**WHAT IS BEING ASKED:** The whole listing is to be written out again exactly; the pictures are not.

**COLLECTED DATA:**
Segment Open

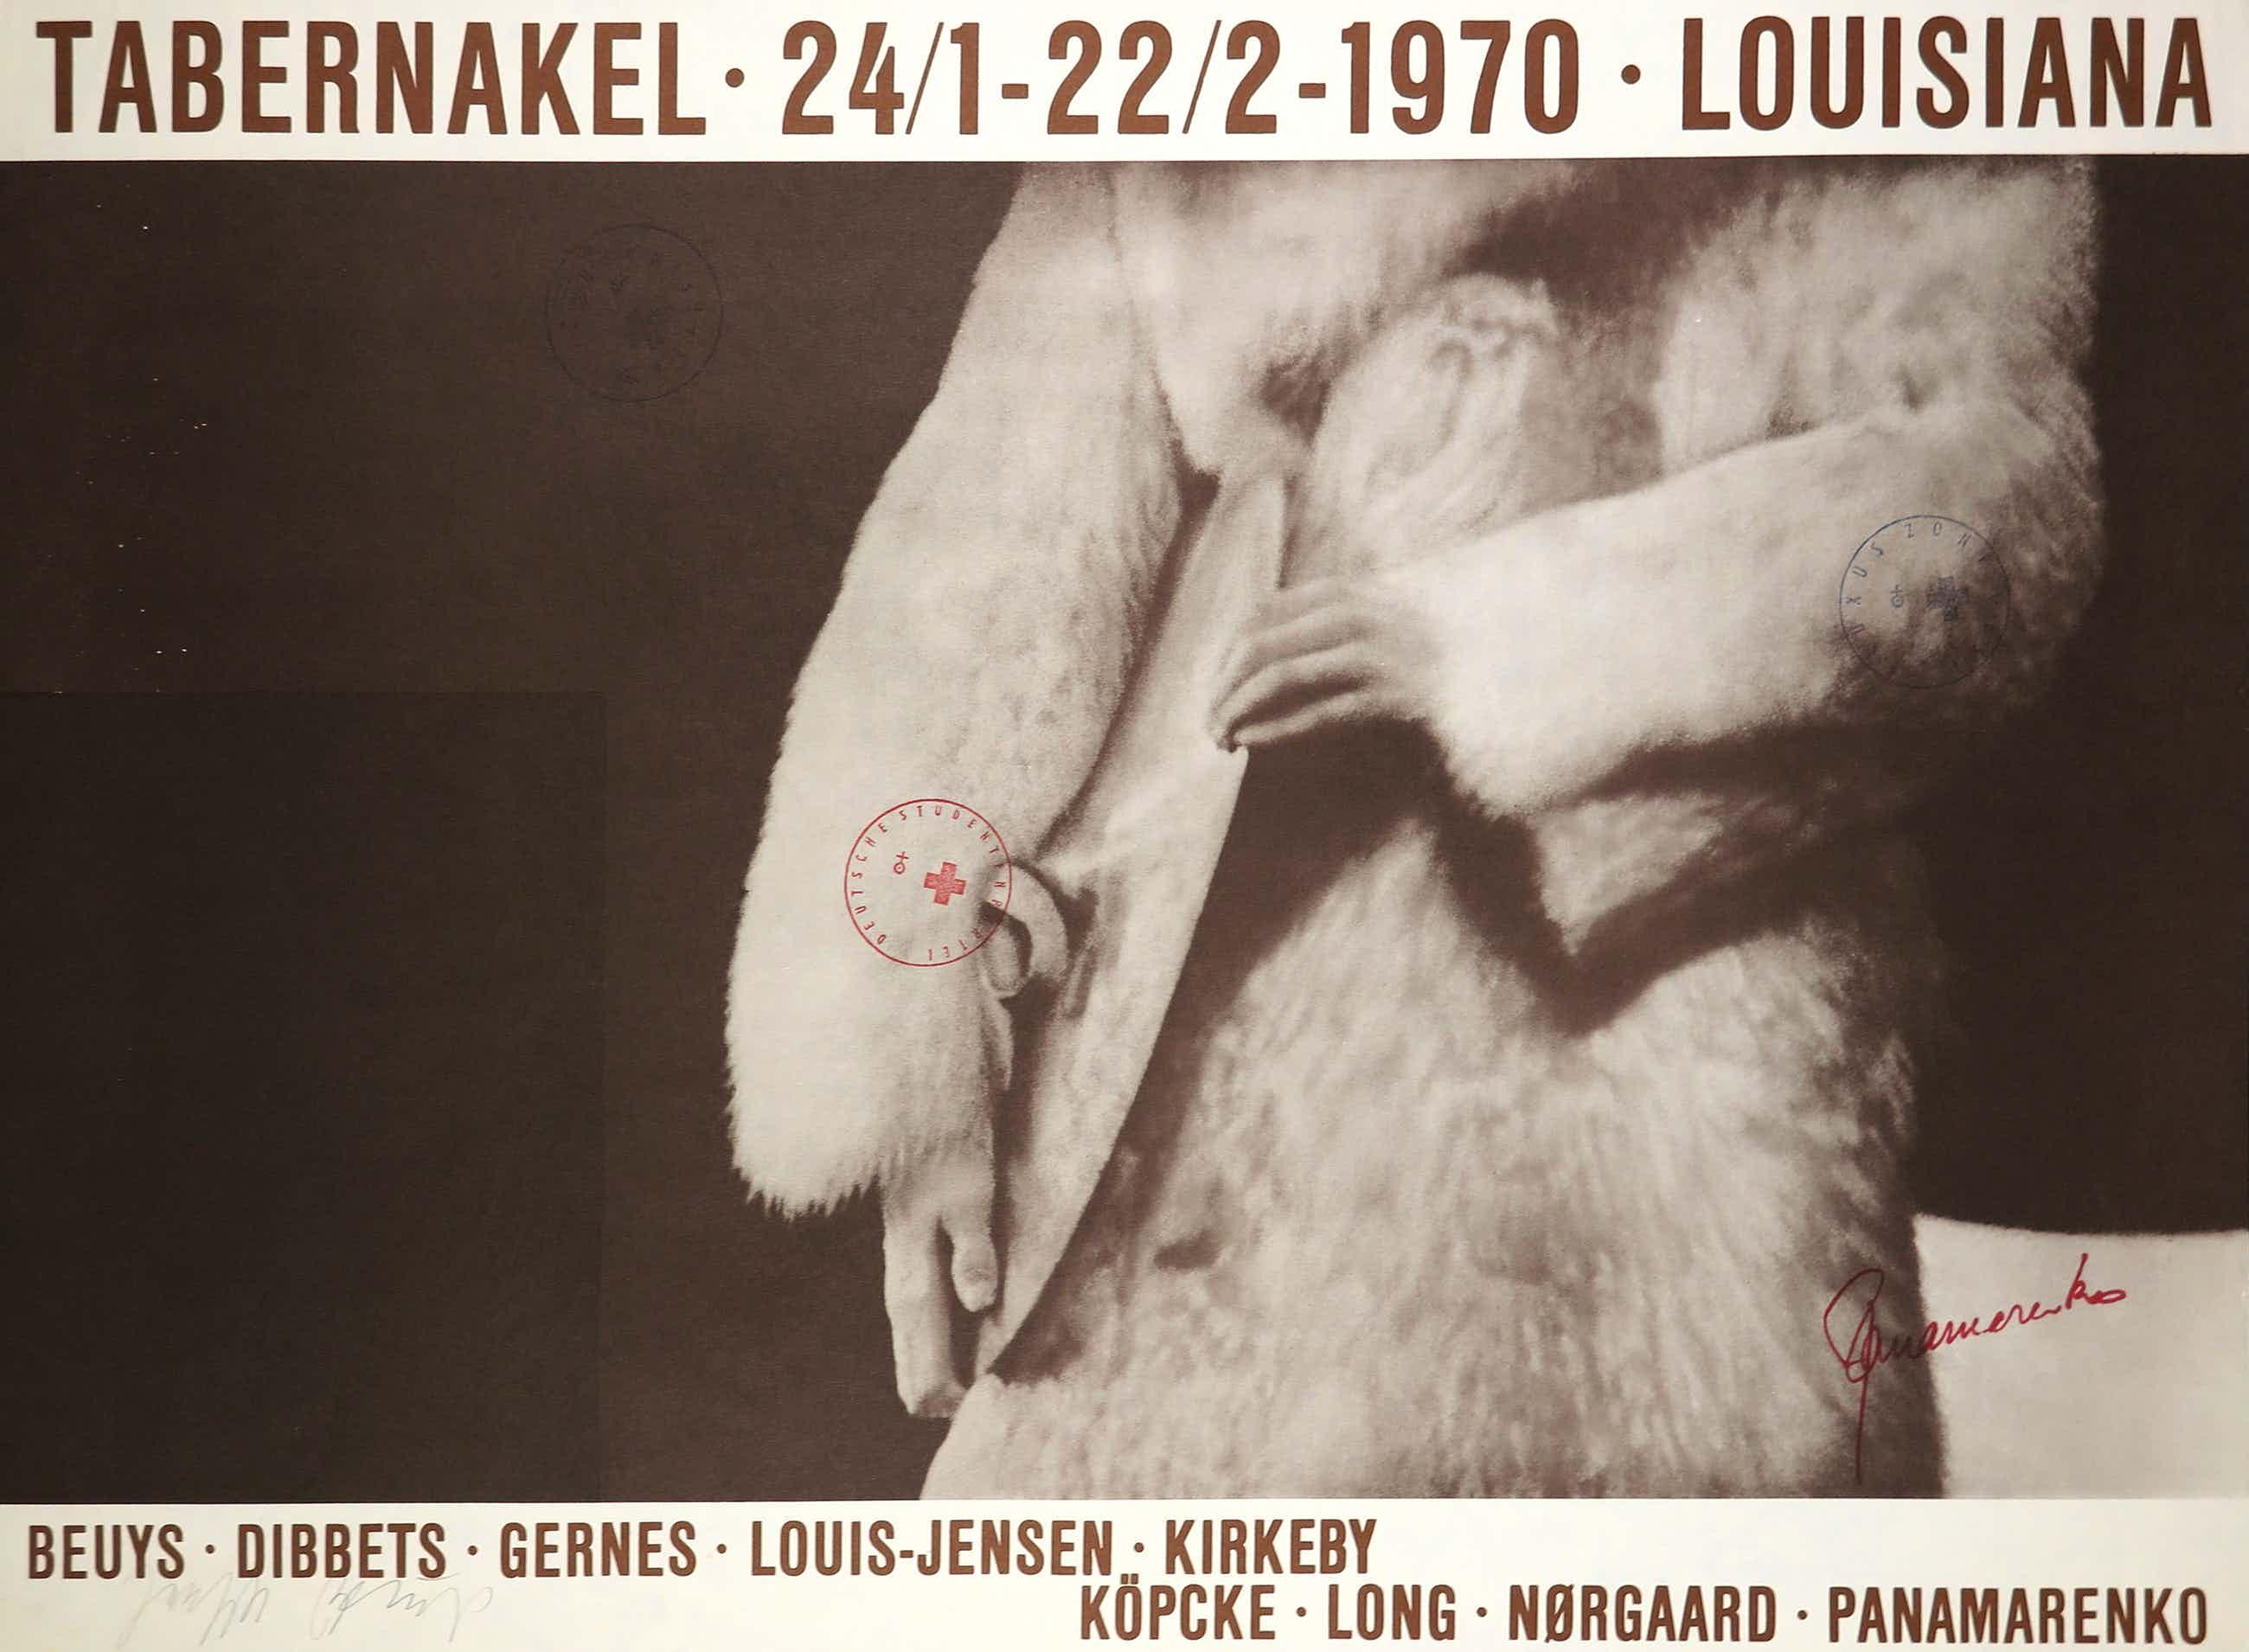 Panamarenko - en Joseph Beuys - Handgesigneerd affiche, Tabernakel kopen? Bied vanaf 140!
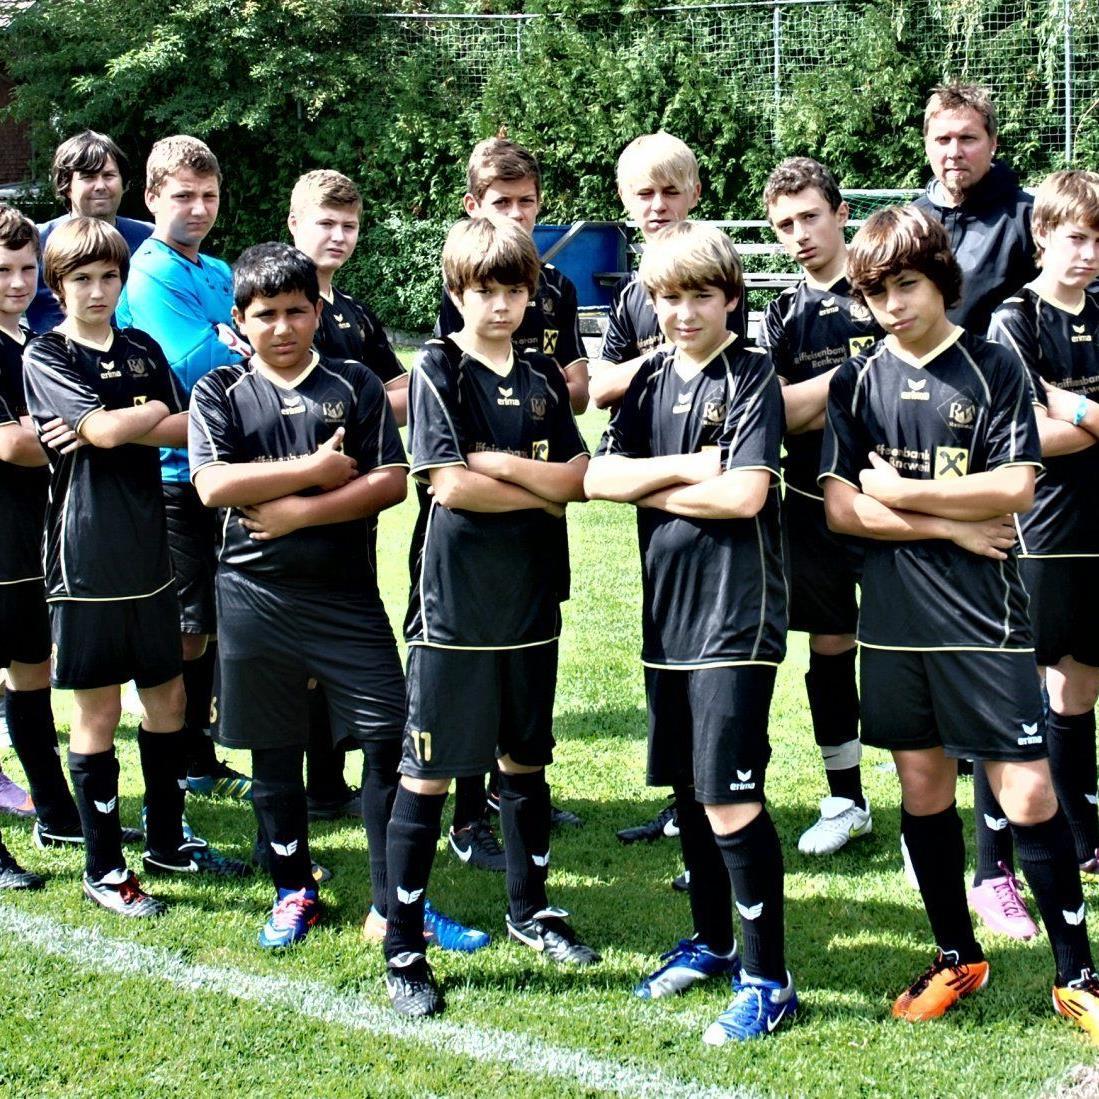 Ohne Punkteverlust gewann Rankweil U-14 die Vorrunde und stieg in die Finalrunde auf.
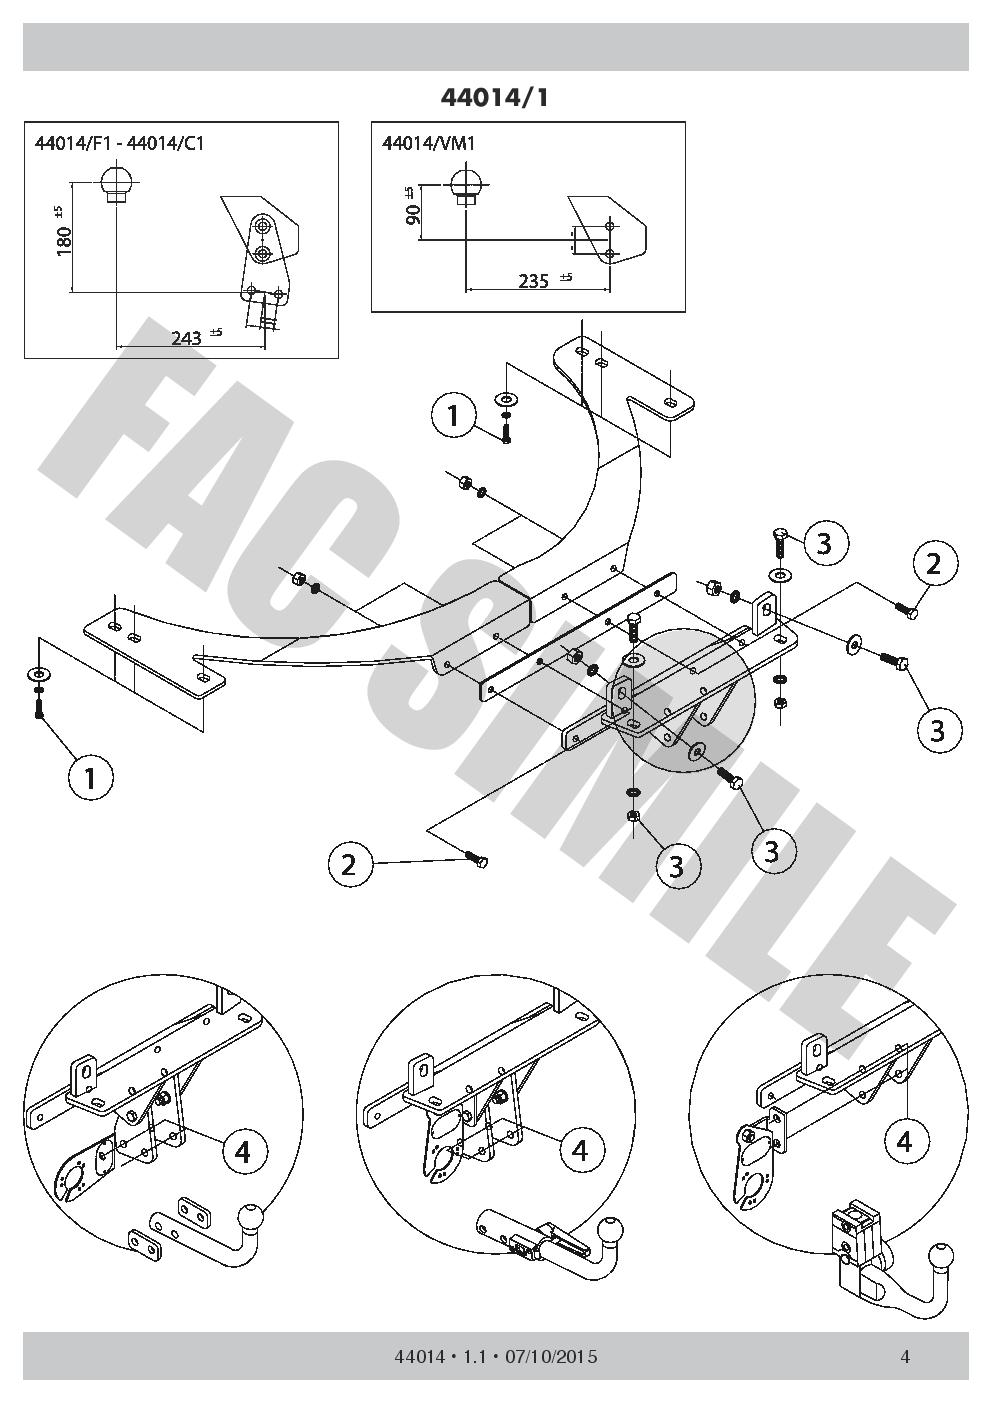 AHK Feste Starre Anhängerkupplung 13p C2 E-Satz Volvo V50 Kombi 04 44014/_E2

Segment Closed

**WRITTEN REPLY:**
 Panamarenko - en Joseph Beuys - Handgesigneerd affiche, Tabernakel kopen? Bied vanaf 140!
 Ohne Punkteverlust gewann Rankweil U-14 die Vorrunde und stieg in die Finalrunde auf.
 AHK Feste Starre Anhängerkupplung 13p C2 E-Satz Volvo V50 Kombi 04 44014/_E2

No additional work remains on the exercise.